1. A preparation method of banana protoplasts is characterized by comprising the following steps:

(1) Collecting banana suckers, peeling layer by layer to obtain inner-layer tender parts, and cutting the inner-layer tender parts into small sections of 0.5-1 mm;

(3) After completely sucking mannitol by a liquid transfer gun, transferring the bud suction small segment to a beaker, adding 5mL of enzymolysis liquid, and vacuumizing for 5 min each time for 2-3 times in a vacuum pump;

(4) Sealing the beaker by using tin foil paper, horizontally oscillating at 50 rpm, and performing enzymolysis for 6 hours at room temperature until the protoplast is dissociated from the bud-sucking small section;

(5) After the enzymolysis is finished, filtering the enzymolysis liquid into a centrifuge tube by using a 200-mesh cell sieve, washing the beaker with a W5 solution precooled on ice for multiple times, and filtering into the centrifuge tube;

(6) Centrifuging the solution filtered in the step (5) for 3 min, and removing the supernatant; slowly adding 15mL of precooled W5 solution, gently resuspending the cells, centrifuging for 3 min again, and then sucking out the redundant supernatant;

(7) Repeating the step (6) for 2 times, re-suspending the protoplast obtained by the last centrifugation in 15mL of precooled W5 solution, placing the solution in a refrigerator for precooling for 30 min at 4 ℃, centrifuging for 3 min, and removing the supernatant;

(8) The MMG solution is added again, and the cell pellet is fully resuspended for later use.

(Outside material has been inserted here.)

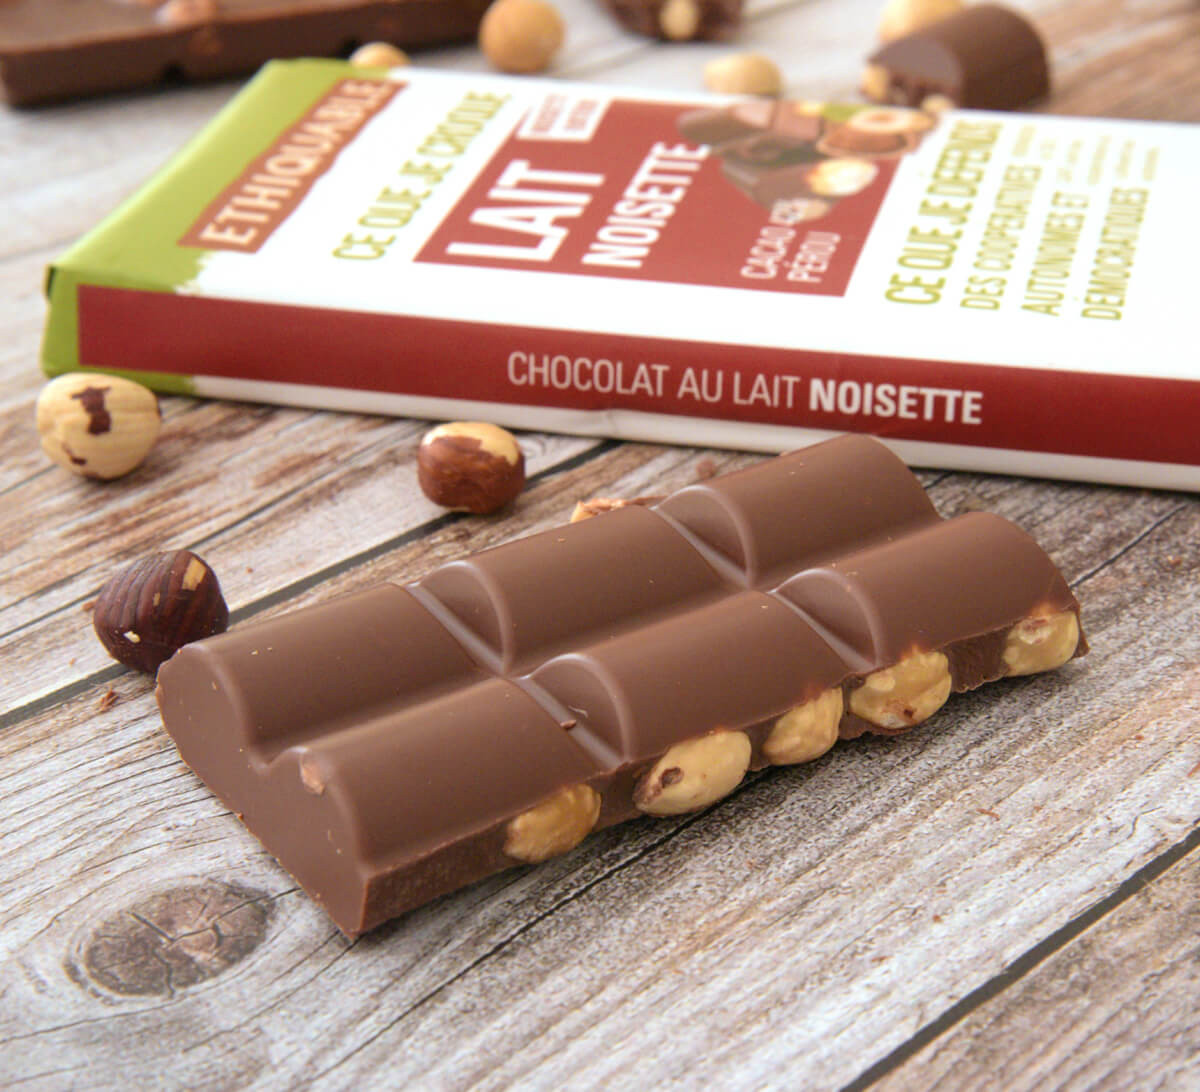 Noisette au chocolat au Lait 34% de cacao du Pays Basque

2. The method for preparing banana protoplasts according to claim 1, wherein the enzymatic hydrolysate comprises the following components in percentage by weight: 10 mM MES pH7.5, 0.6M D-Mannitol, 2.5% (w/v) cellulase, 1% (w/v) Segrenase, 10 mM CaCl ₂ 0.1% (w/v) BSA, 0.35% (v/v) 2-mercaptoethanol.

3. The method for preparing banana protoplasts according to claim 1, wherein the W5 solution comprises the following components: 1.5 mM MES pH7.5, 155 mM NaCl, 125 mM CaCl ₂ 、5 mM KCl、5 mM D-(+)-Glucose。

4. The method for preparing banana protoplasts according to claim 1, wherein the MMG solution comprises the following components: 4mM MES pH7.5, 0.6M D-Mannitol, 10 mM MgCl ₂ ·6H ₂ O。

5. Use of banana protoplasts prepared by the method according to any one of claims 1 to 4 for genetic transformation, subcellular localization of banana proteins, and banana breeding.